Regia di Fenton Bailey, Randy Barbato vedi scheda film
la pornografia è una ossessione per i dettagli, robert mapplethorpe ha una maniacale attenzione per i membri maschili, il suo e quelli degli altri uomini che fotografa. Le sue polaroid catturano erezioni e bizzarre posizioni in cui il cazzo è il perno della visione, la sua sola presenza diventa espressione di una sessualità anarchica e sganciata da qualsiasi forma di concettualismo. Il cazzo non è simbolo, non è metafora, è pura presenza di carne turgida e pulsante. Ancora più esoteriche e stranianti sono le fotografie dell’underground sadomaso e omosessuale di New York degli anni settanta, dove l’artista raggiunge forse l’apice della sua ricerca estetica. Queste immagini fuori da ogni ordinaria percezione sono bilanciate, nella sua carriera, dalle molteplici fotografie di fiori, alchemiche rappresentazioni di nature morte, cariche di mistero ed erotismo. Tra questi due poli, una moltitudine di altre foto, autoritratti, scatti improvvisi e ritratti di celebrità, quando ormai era diventato famoso e aveva capito, seguendo l’esempio di Andy Warhol, il modo per fare soldi.

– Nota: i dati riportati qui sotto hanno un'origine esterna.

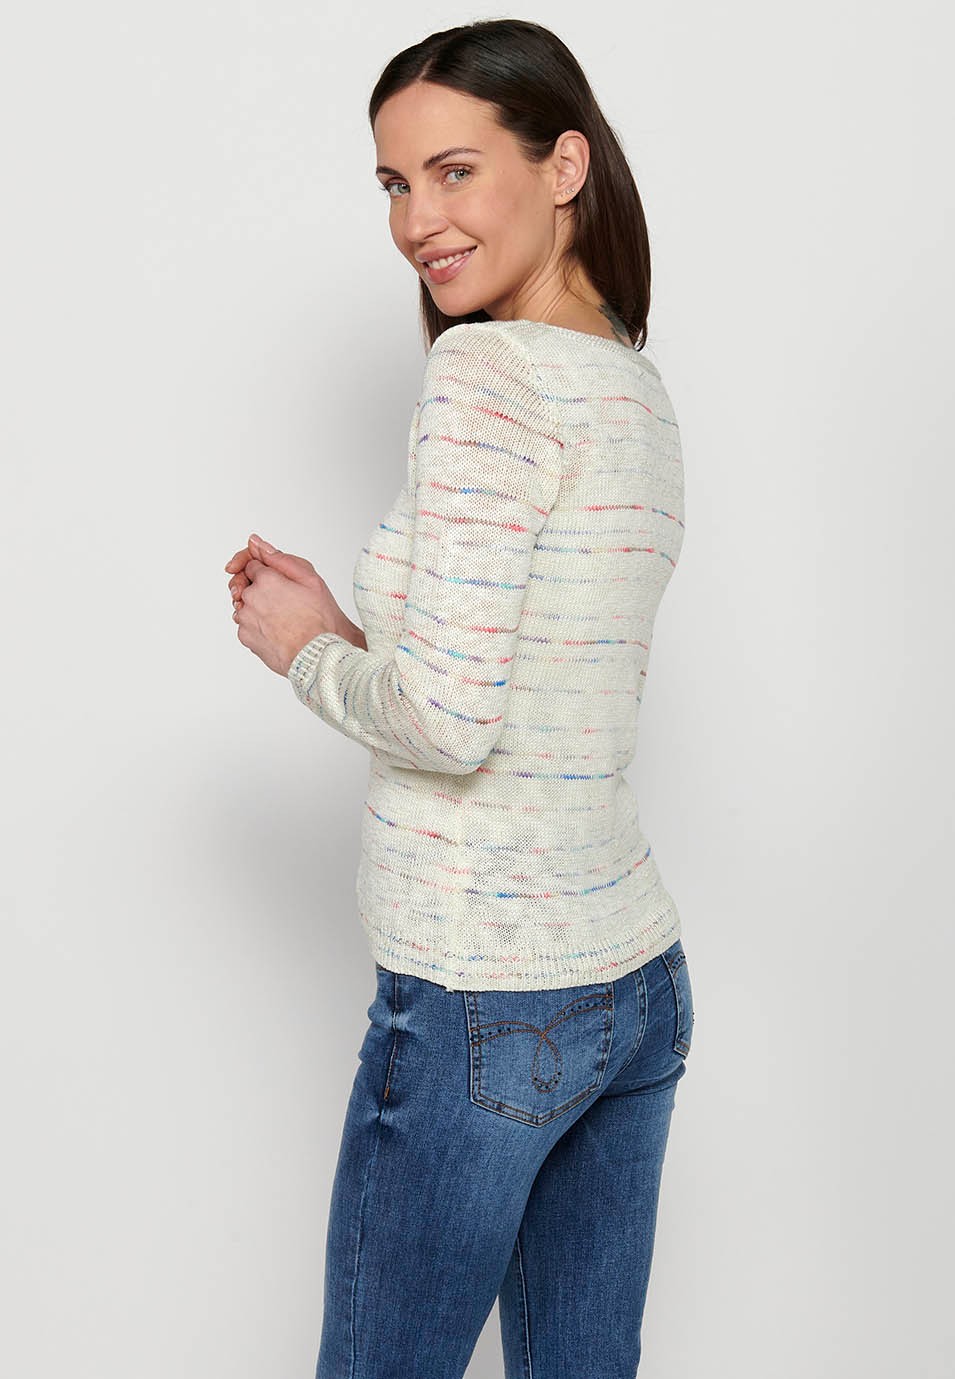 Long-sleeved, round-neck, off-white heather sweater for women

Il documentario racconta in maniera cronologica la vita di Mapplethorpe, alternando le interviste ad amici, familiari ed altri artisti alle immagini (molte, senza censura) delle sue foto, ci fa entrare negli archivi di un museo dove sono tenuti gran parte dei suoi lavori, la voce registrata del fotografo ci avvicina alla sua persona, al suo modo di pensare, ma le sue opere non hanno bisogno di commenti, colpiscono a fondo e mostrano le sue ossessioni e ciò che più amava: i corpi degli afroamericani, la scena bdsm con le sue pratiche e i suoi costumi, i fiori, i cazzi e l’immagine di sé stesso come espressione di assoluta libertà creativa.